In this day and age, we heavily rely on technology to complete our day-to-day tasks. Everything from your to-do list to your best memories are kept online. Many people have social media accounts to stay connected with their friends and family. E-mail has become a primary form of communication. Instead of a box or photo album full of your favorite printed photos, now there are folders and digital “look books.” Digital footprints and assets can also stretch from your online banking records to cryptocurrencies, memberships, and company loyalty programs. But what happens to this all this when you die? Do you want your social media accounts to live on forever?  Do you have cherished media you want to share?  If so, have you included these details in your end-of-life plan and estate planning documents?

The best way to ensure all of your assets do not disappear or are not stolen, along with all their worth, is to speak to your attorney when drafting your estate documents to specify that the appropriate language and details are added.
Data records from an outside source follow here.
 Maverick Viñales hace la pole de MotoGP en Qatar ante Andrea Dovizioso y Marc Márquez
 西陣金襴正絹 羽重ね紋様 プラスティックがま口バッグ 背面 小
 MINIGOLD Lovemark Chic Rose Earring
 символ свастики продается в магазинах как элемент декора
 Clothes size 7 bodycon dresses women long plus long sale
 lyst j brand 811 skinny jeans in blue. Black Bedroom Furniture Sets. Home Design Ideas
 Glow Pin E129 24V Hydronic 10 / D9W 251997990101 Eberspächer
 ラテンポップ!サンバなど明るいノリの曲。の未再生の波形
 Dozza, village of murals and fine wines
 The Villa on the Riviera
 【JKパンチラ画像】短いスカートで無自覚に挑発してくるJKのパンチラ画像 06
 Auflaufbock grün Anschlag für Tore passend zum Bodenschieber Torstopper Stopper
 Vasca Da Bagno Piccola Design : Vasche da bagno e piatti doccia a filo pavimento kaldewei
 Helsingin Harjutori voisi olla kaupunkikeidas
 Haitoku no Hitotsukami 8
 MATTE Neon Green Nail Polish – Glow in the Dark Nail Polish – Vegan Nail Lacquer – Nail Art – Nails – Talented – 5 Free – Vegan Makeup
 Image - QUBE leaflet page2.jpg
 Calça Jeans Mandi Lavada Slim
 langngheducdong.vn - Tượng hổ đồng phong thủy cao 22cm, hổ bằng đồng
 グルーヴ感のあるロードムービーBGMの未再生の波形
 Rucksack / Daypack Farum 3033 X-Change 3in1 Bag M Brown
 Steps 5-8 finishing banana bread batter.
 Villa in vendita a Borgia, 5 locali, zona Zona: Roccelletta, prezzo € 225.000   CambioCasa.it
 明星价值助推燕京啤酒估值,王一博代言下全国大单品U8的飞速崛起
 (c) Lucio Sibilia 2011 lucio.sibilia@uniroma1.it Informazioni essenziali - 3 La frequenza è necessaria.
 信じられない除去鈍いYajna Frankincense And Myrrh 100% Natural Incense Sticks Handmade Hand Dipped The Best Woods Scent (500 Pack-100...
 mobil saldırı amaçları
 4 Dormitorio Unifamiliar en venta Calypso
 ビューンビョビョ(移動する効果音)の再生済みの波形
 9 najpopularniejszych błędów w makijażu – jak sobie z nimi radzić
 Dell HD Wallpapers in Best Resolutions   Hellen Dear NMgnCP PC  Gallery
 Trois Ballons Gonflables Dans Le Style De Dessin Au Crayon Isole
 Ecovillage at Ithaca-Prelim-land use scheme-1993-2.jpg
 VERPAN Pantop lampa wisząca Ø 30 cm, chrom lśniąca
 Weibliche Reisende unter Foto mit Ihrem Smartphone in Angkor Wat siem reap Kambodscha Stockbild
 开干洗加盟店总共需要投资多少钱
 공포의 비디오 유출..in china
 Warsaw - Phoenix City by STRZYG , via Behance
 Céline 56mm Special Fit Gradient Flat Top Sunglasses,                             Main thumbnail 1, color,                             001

It is not as simple as naming to whom your financial assets are left to anymore.   Now there is a whole new piece to the puzzle. A digital executor can be named, who will oversee the management of your digital property. Most platforms have created online tools which give directions for the digital executor to either delete your profile or retrieve any data. If instructions are not given, a digital executor is permitted by law, to access your accounts and information.

Another simple plan of action is to make sure you keep an up to date record of every password used. Keeping this record in a safe place or giving it to a loved one or trusted lawyer who will see that your assets are properly handled when you have passed away.  In addition, your digital executor should consider deleting or memorializing your digital assets to protect your loved ones from fraud threats. Scammers will troll obituaries for information they can use to open credit cards, apply for loans, buy cell phones and more under the name of the departed.

Lastly you can download anything which is desired to be saved and passed on. Setting up a folder on Google Drive, One Drive, Dropbox or another cloud-based storage solution, or even a physical thumb drive with your family’s favorite pictures, posts, blogs, and music is the easiest way to confirm that you will not lose or forget any of your precious information on the world wide web.

According to Oxford University researchers, by 2100 there will be over 4.9 billion deceased users on Facebook.  Don’t be one of them.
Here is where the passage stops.